Users will quickly point out incorrect or outdated information, and once the confidence of a user has been lost in the accuracy or completeness of an online database it's not easy to gain that confidence back. Some VIVO installations have augmented display pages with information icons that clarify the source of each category of information and even identify who to contact to change it. Where policies permit users to edit their own profiles, change is straightforward, but when data have come from a system of record it's more sustainable to make changes back at the source so that errors don't propagate back to VIVO or to other systems.

Be realistic

If you are fortunate enough to have buy-in from top management and a commitment for the staffing and IT resources to embark on a multi-faceted exploration and implementation of VIVO, more power to you. In many cases people interested in VIVO need to start small and build a case for VIVO based on a targeted need identified for a small segment of the organization, whether a campus, a government department, or a distributed organization.
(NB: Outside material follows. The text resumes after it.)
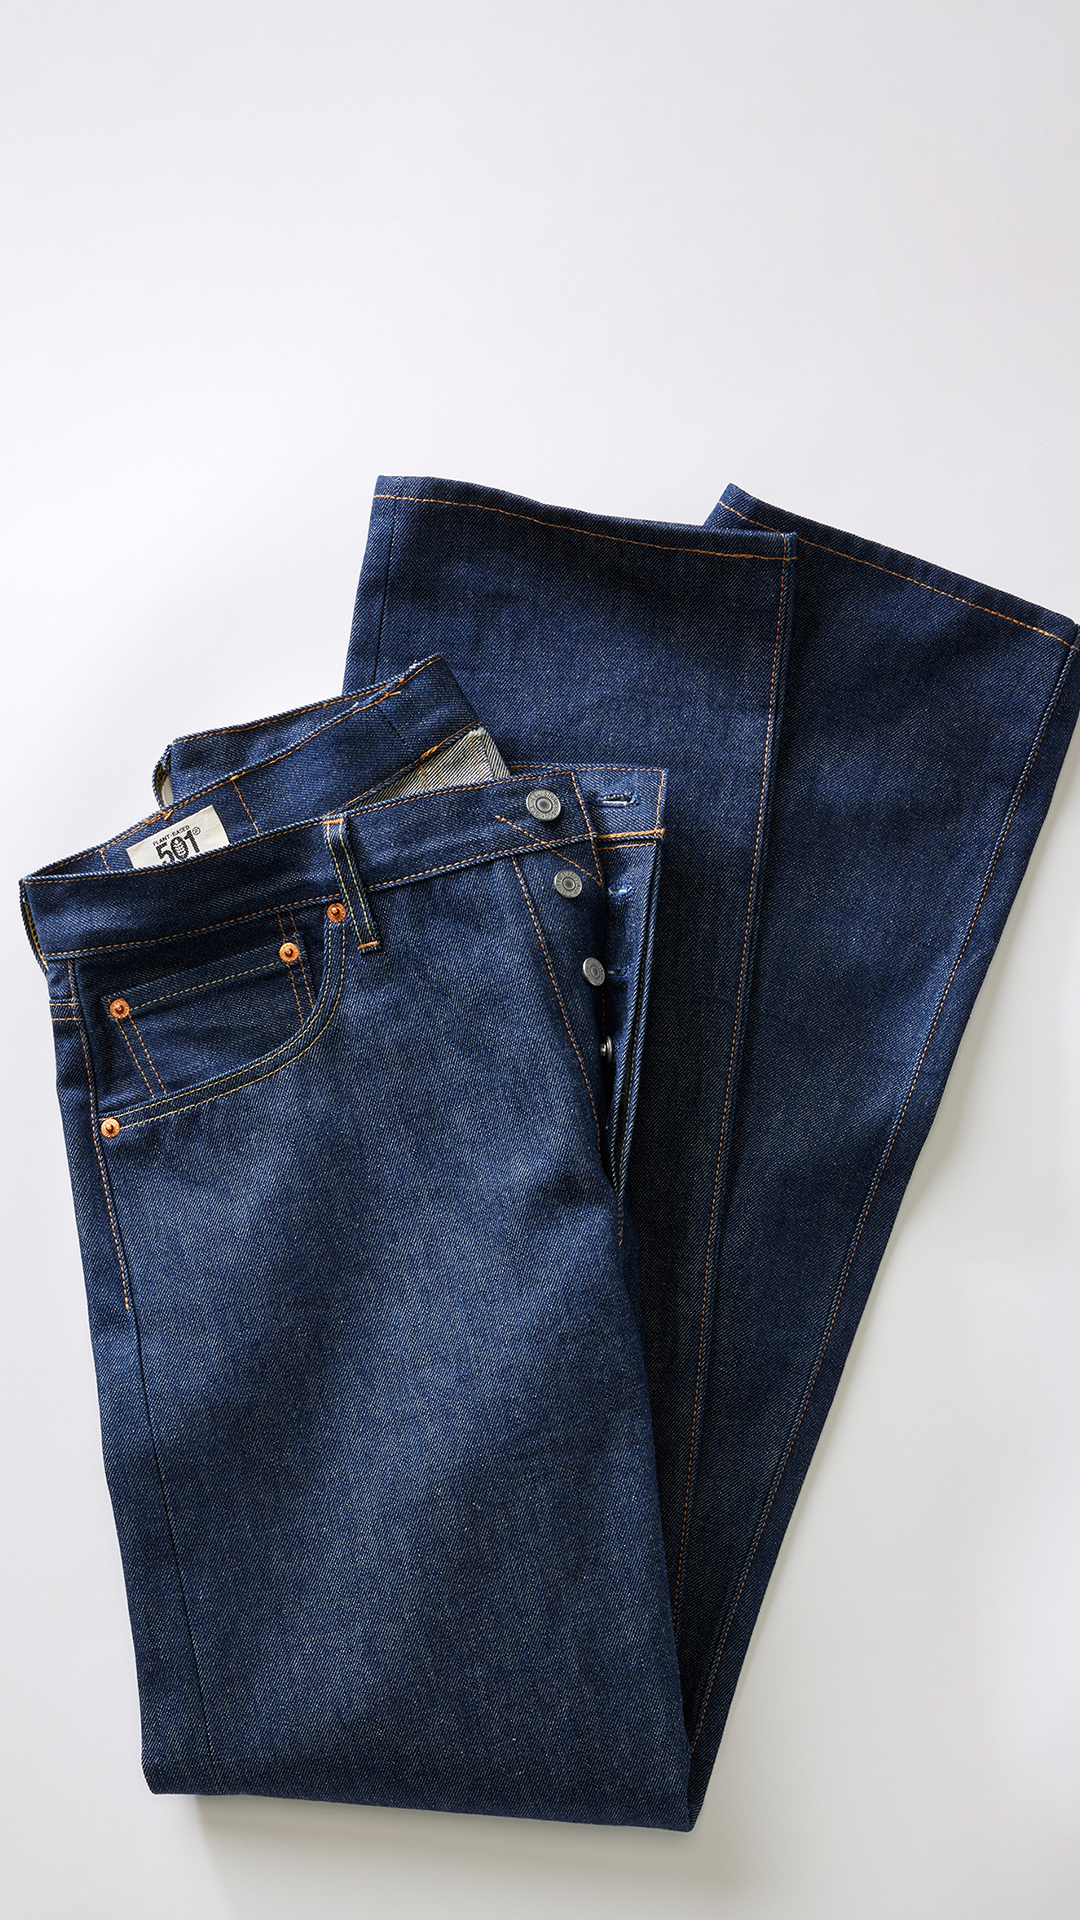 Levi's Plant-Based 501 Jeans >>FUTUREVVORLD

Starting small and not taking on too many different kinds of data allows you to familiarize yourself with what are often new concepts and new tools. Data are often dirtier than advertised to be, and more will be left to you to clean up in the process of importing into VIVO. If you need to hire technical help, it may take longer than anticipated to find a qualified person familiar with Semantic Web technologies than for routine website development.

Reaching out to engage your peers

Creating and maintaining a VIVO is a bigger task than one person or one organization can typically handle on its own. As you gain experience, share what you have done with your peers, and invite their feedback and suggestions. We encourage participation in the weekly implementation calls, and they can provide a way to share innovations and get advice on how to move past obstacles or scale up to the next level.